# [Task to carry out]
Produce a word-for-word copy of the lines from the one that contains "f5bce46bd7 Women Satin" to the final line of the data below, with all pictures dropped.

[[ Collected material open ]]

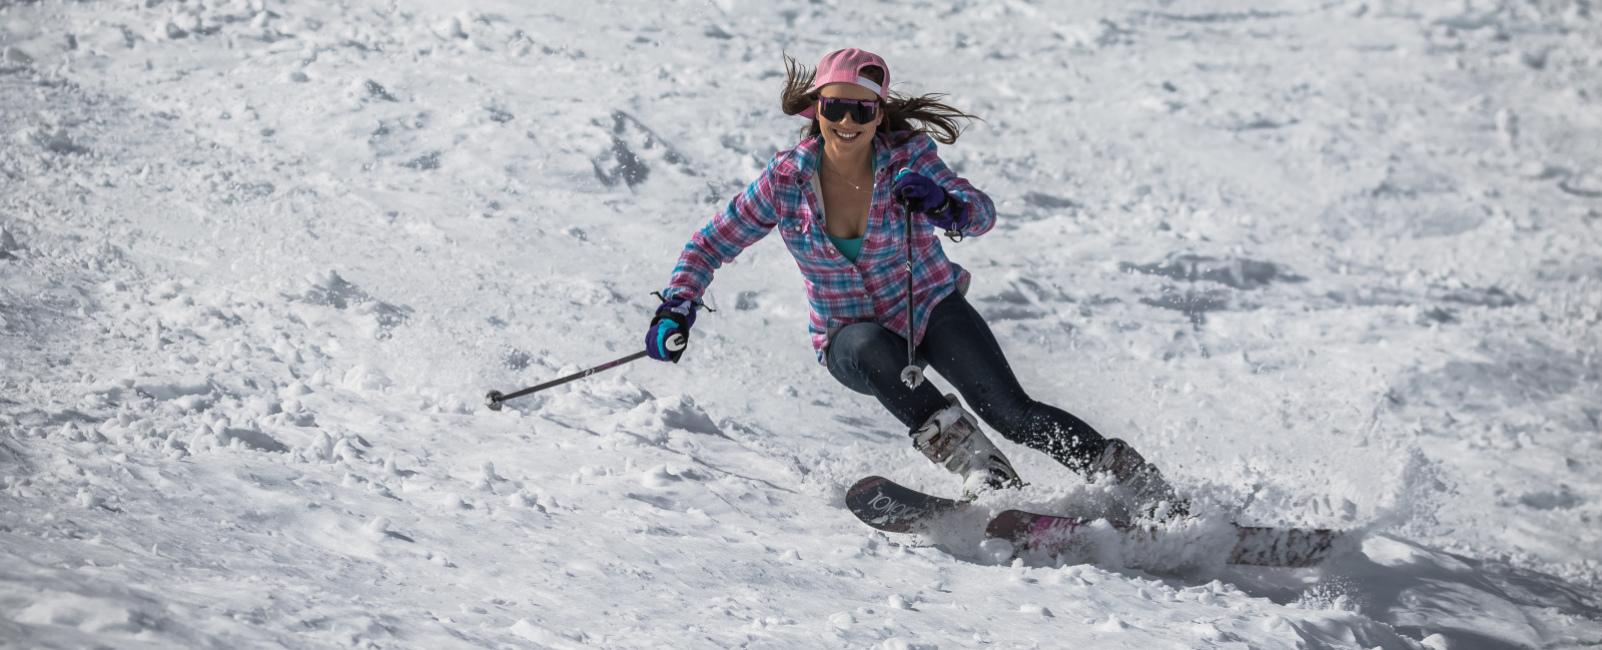 10 of the Best Spring Skiing Runs in Utah
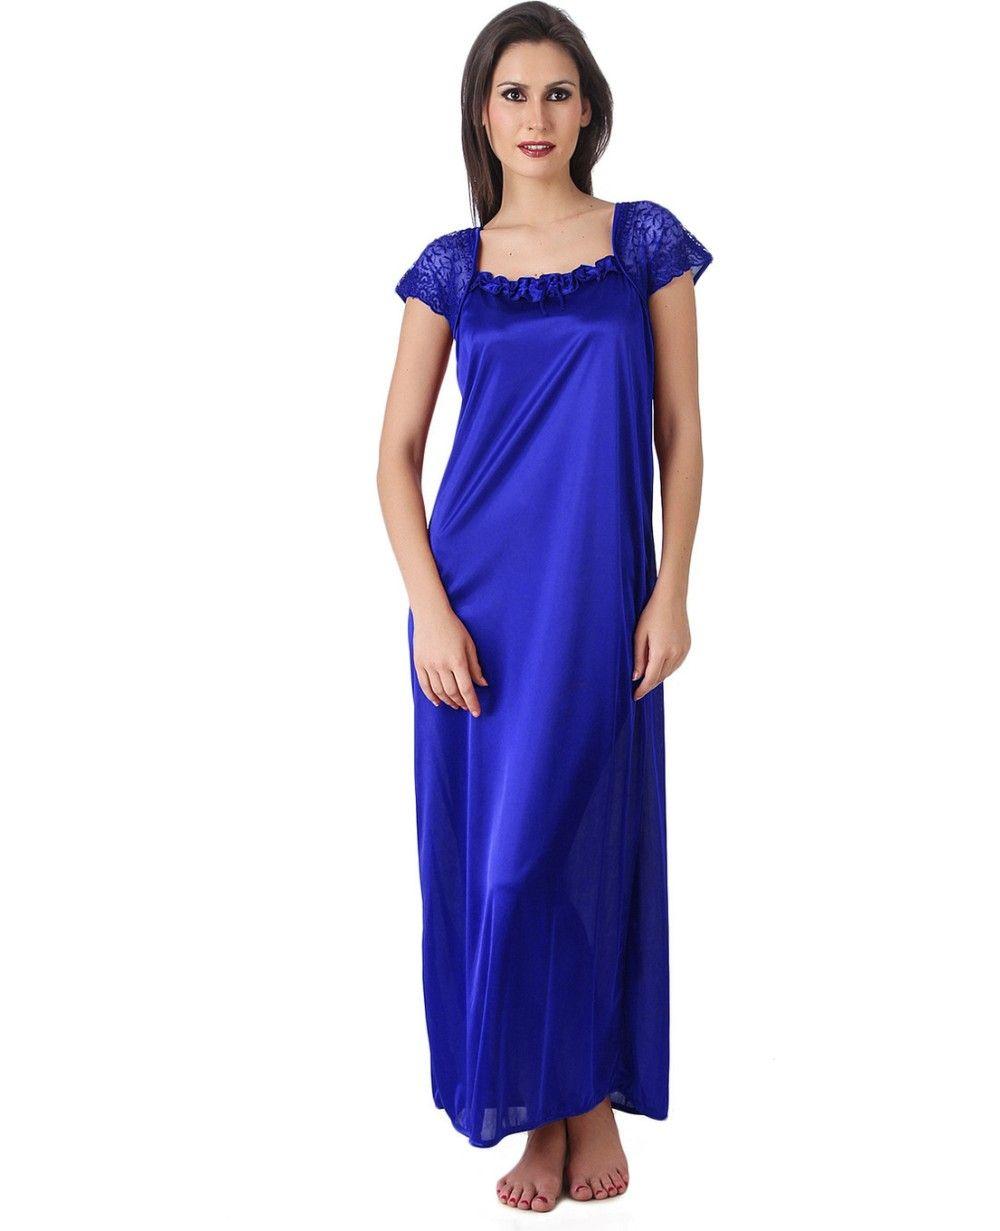 f5bce46bd7 Women Satin Dark Blue Color One Piece Nighty, Night Suit, Night dress # nightwear #lingerie #sexynightwear #nightdress
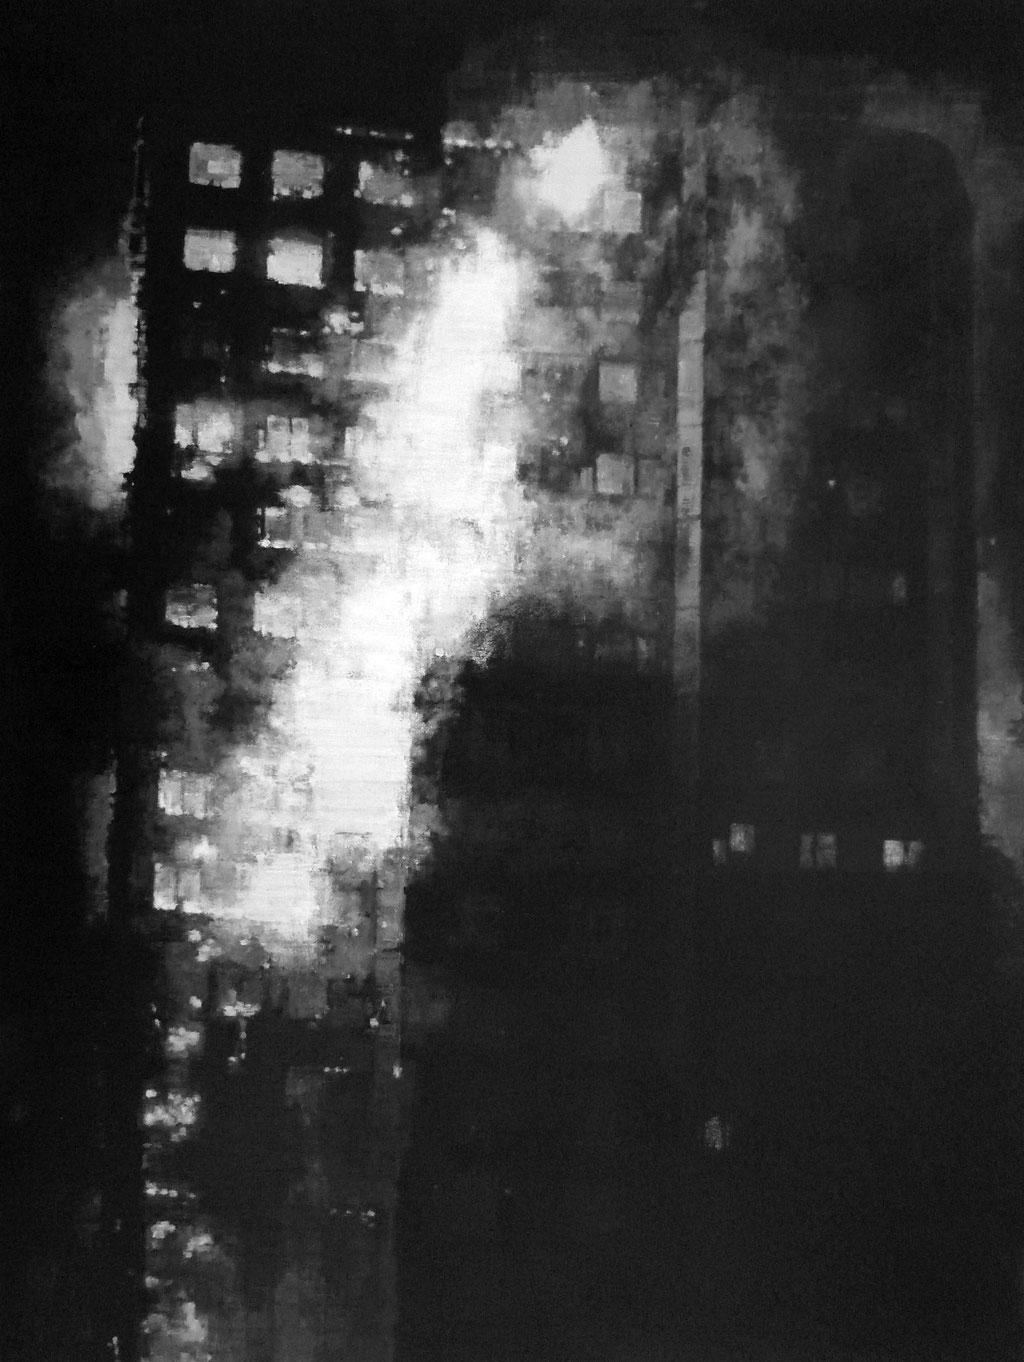 Heike Ruschmeyer: *Schwarz auf Weiß (16) - London-Kensington/14. Juni 2017*, 2017, Ölfarbe/Baumwolle, 80 x 60 cm

[[ Collected material closed ]]

# [Response to the exercise]
 f5bce46bd7 Women Satin Dark Blue Color One Piece Nighty, Night Suit, Night dress # nightwear #lingerie #sexynightwear #nightdress
 Heike Ruschmeyer: *Schwarz auf Weiß (16) - London-Kensington/14. Juni 2017*, 2017, Ölfarbe/Baumwolle, 80 x 60 cm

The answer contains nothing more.